───── The data ─────

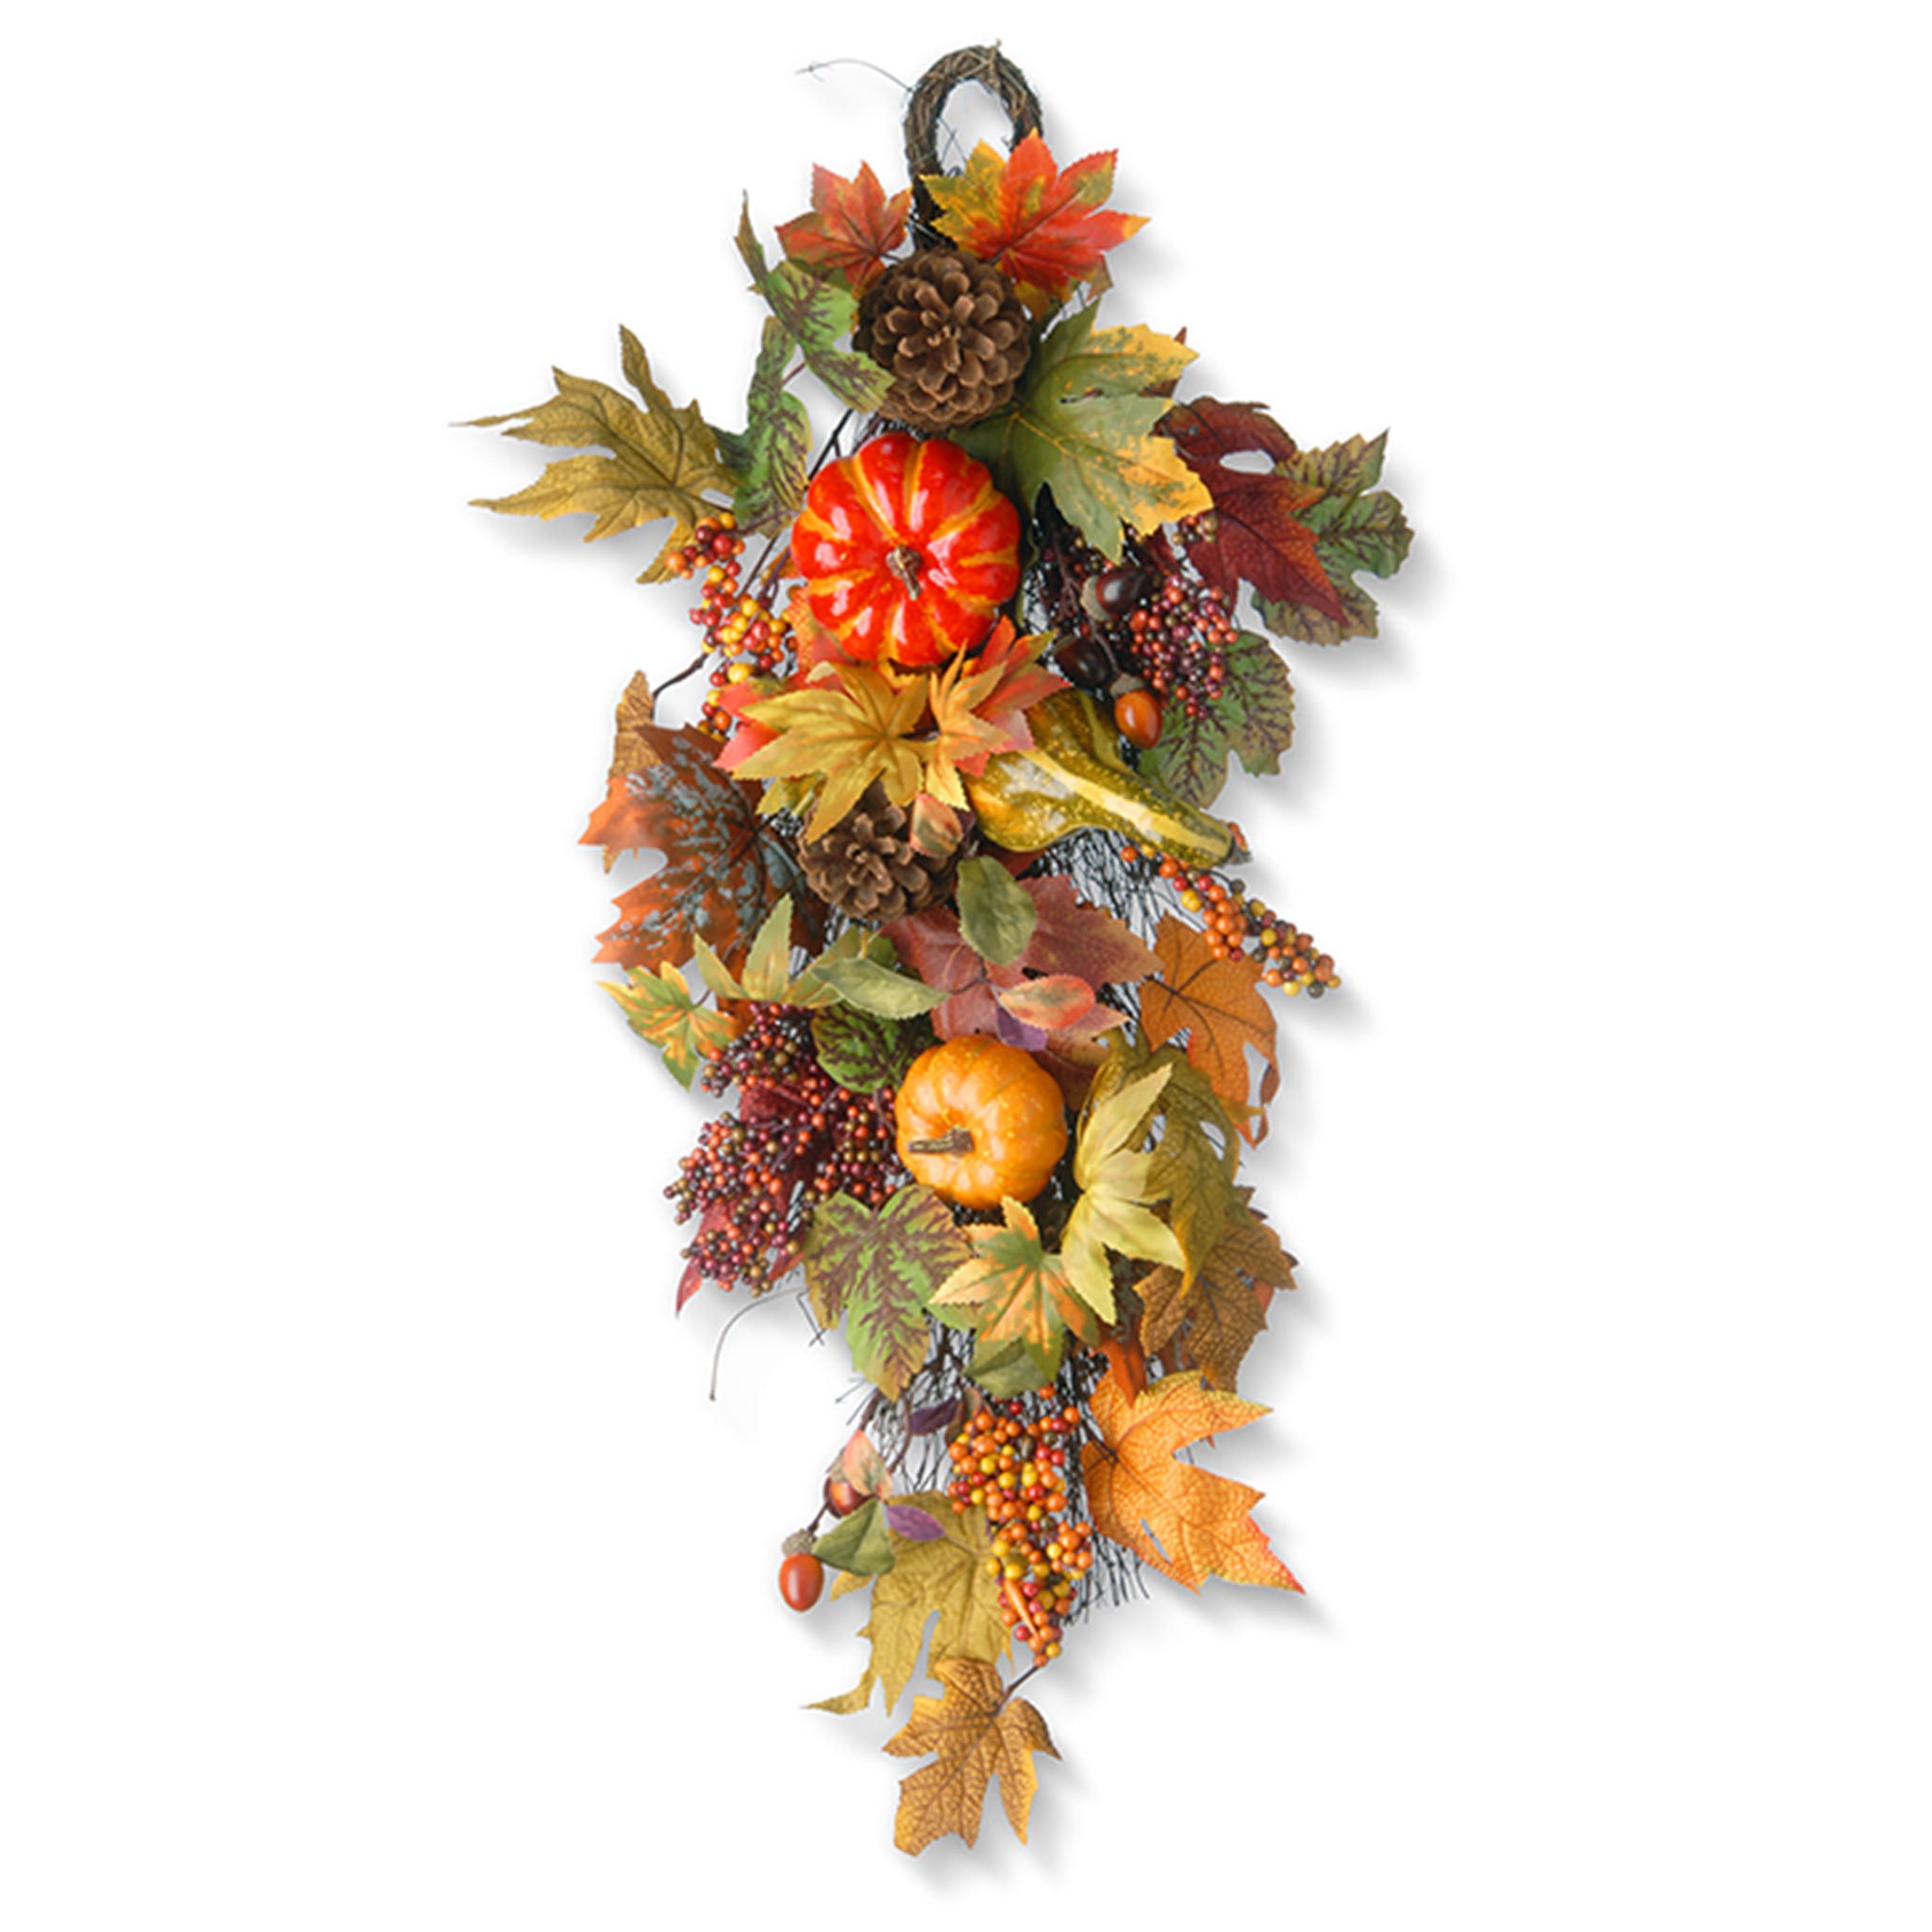 Artificial Fall Teardrop Hanging Wall Decoration, Decorated with Pumpkins, Gourds, Pinecones, Berry Clusters, Maple Leaves, Autumn Collection, 26 in
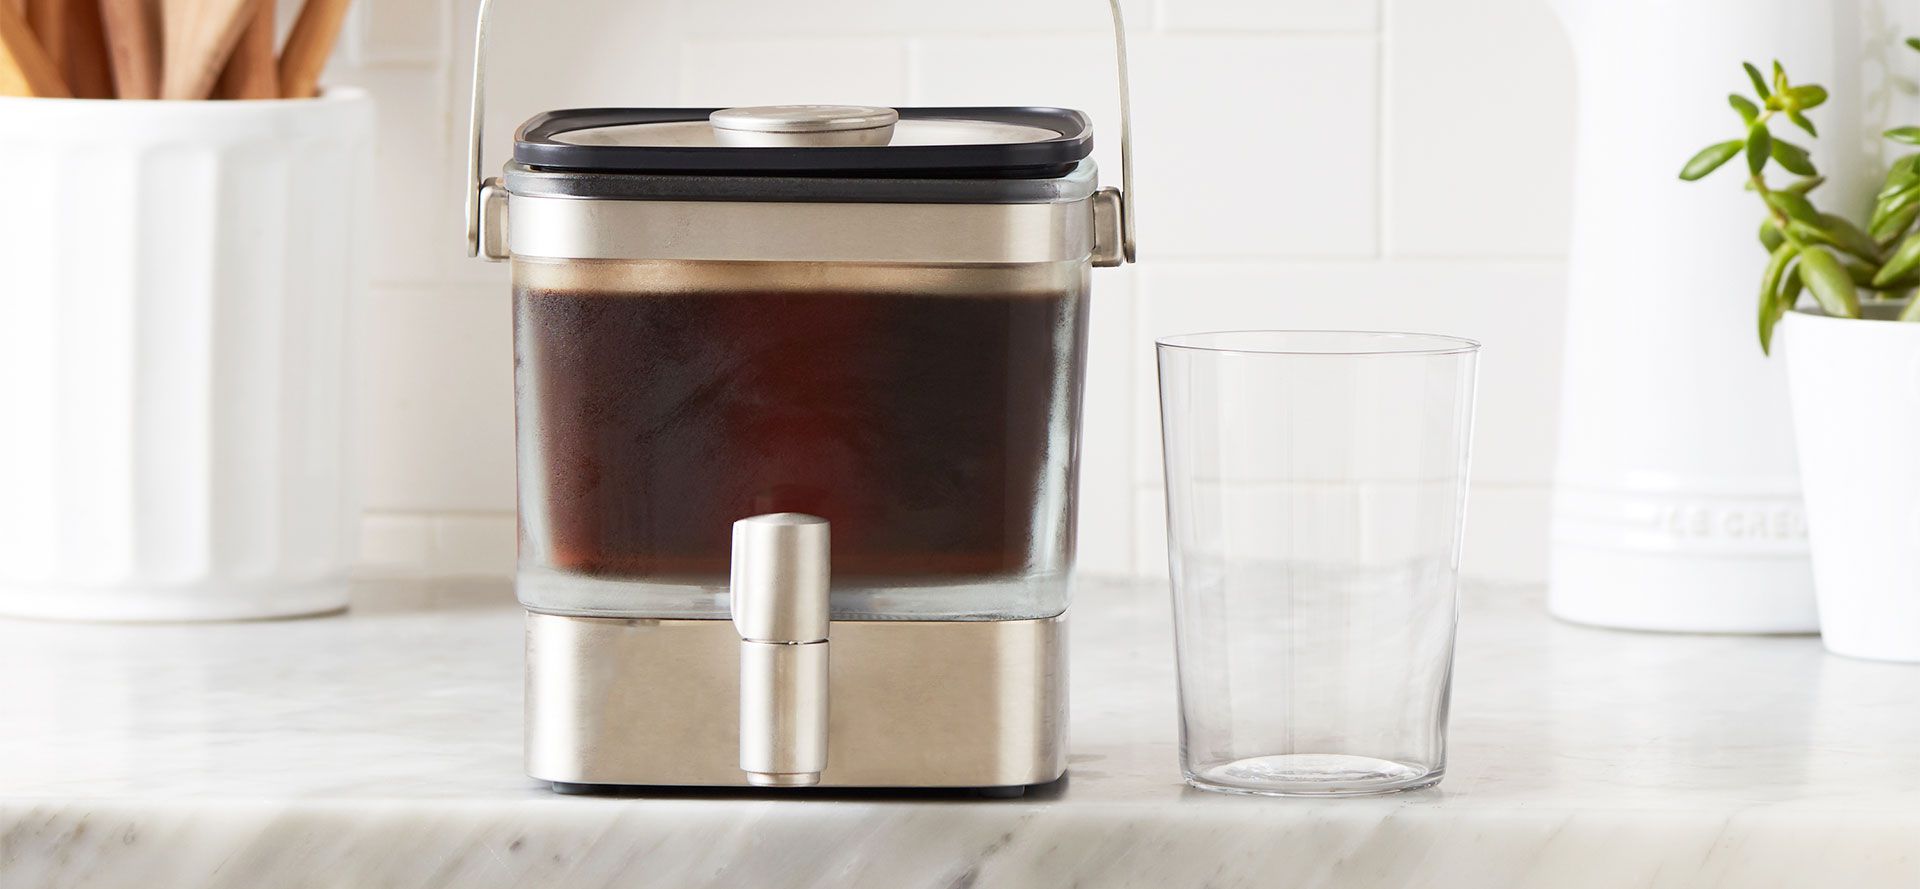 Cold Brew Maker For Coffee.
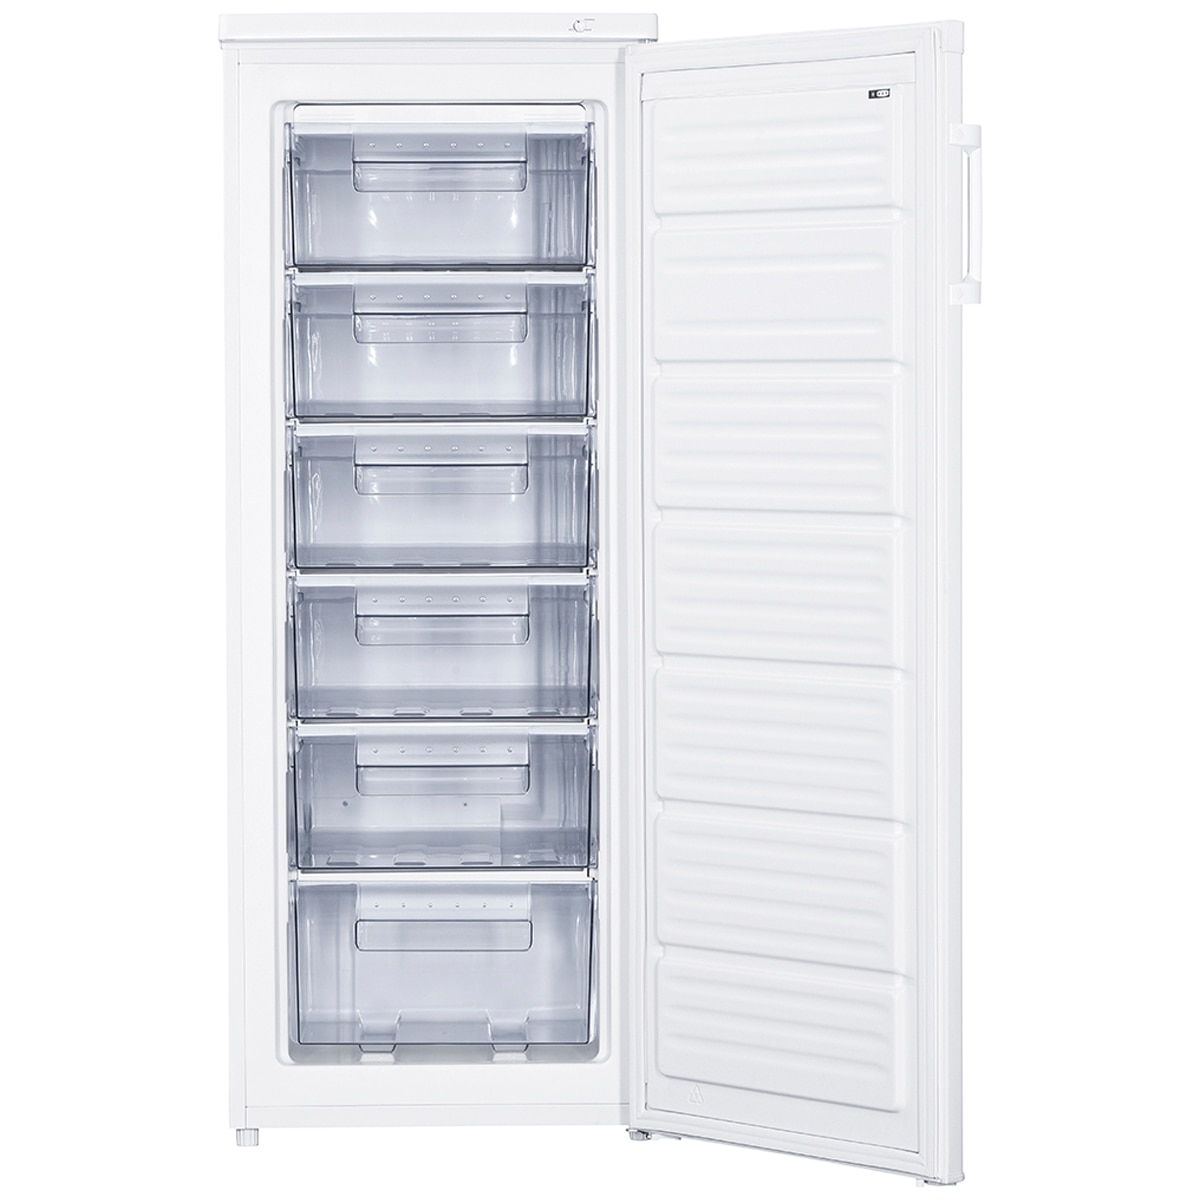 Upright Freezer Costco With Drawers - How To Blog

─────

- **Problem to solve**
Restate verbatim the lines that begin at the one holding "Cold Brew Maker For Coffee." and end at the last line of the material. Exclude pictures.

- **Answer to the problem**
 Cold Brew Maker For Coffee.
 Upright Freezer Costco With Drawers - How To Blog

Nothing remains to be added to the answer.